METHODS: S. aureus was cultured to log phase and spiked in Todd Hewitt (TH) broth and whole blood of healthy human volunteers. Viability of S. aureus after flucloxacillin treatment (0, 1, 3 and 6 d) was assessed by culture on bloodagar plates. DNA and RNA were isolated from 200 μL. cDNA synthesis was performed by using random primers. The presence of S. aureus DNA, rRNA, and mRNA were determined by real-time polymerase chain reaction of the 16S rDNA and tuf gene (elongation factor Tu).

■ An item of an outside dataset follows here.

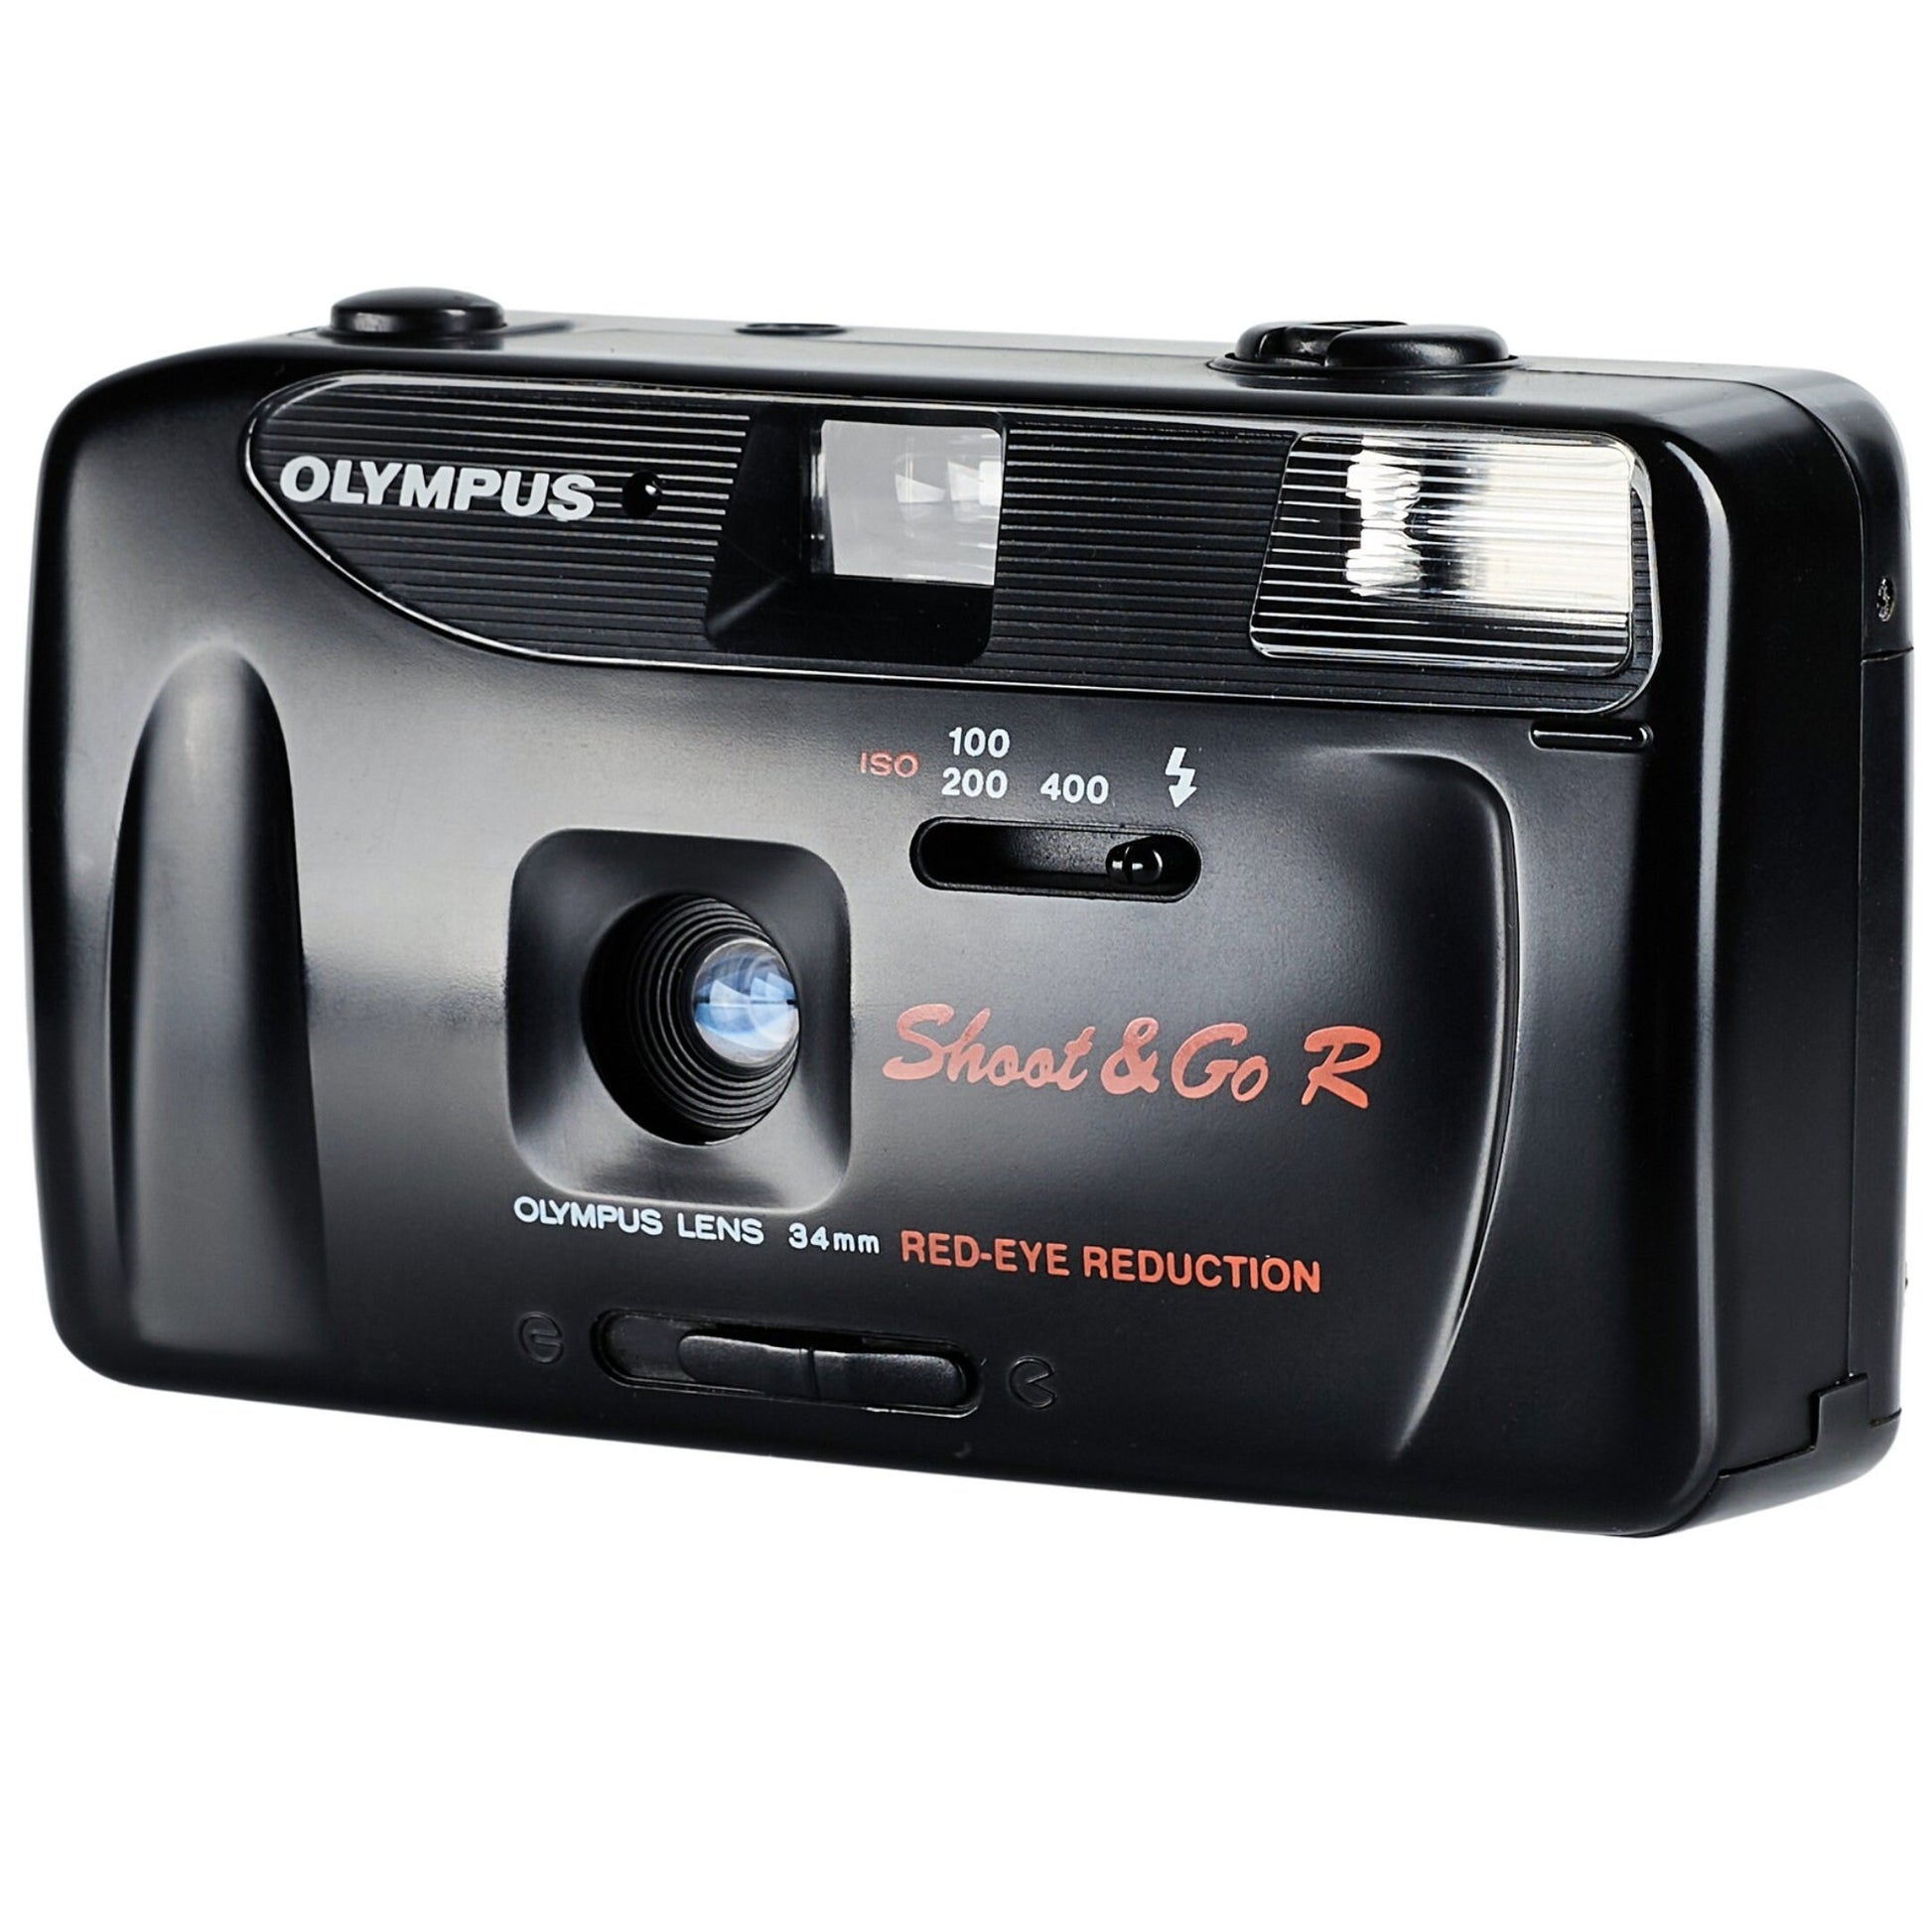 Olympus Shoot and Go, Working Film Camera, Vintage Camera - Vintage Polaroid Instant Cameras

RESULTS: S. aureus spiked in TH broth without antibiotics grew from day 0-6 and DNA (tuf and 16S), and 16S rRNA remained detectable during this whole period. During flucloxacillin treatment S. aureus lost viability from day 3 onwards, while the 16S rRNA-gene and its RNA transcripts remained detectable. DNA and rRNA can be detected in flucloxacillin treated S. aureus cultures that do not further contain culturable bacteria. However, tuf mRNA became undetectable from day 3 onwards. Tuf mRNA can only be detected from samples with culturable bacteria. When spiking S. aureus in whole blood instead of broth no bacterial growth was seen, neither in the absence nor in the presence of flucloxacillin. Accordingly, no increase in DNA and RNA levels of both 16S rDNA and the tuf gene were detected.
CONCLUSION: Tuf mRNA expression is associated with culturable S. aureus and might be used to monitor antibiotic effects.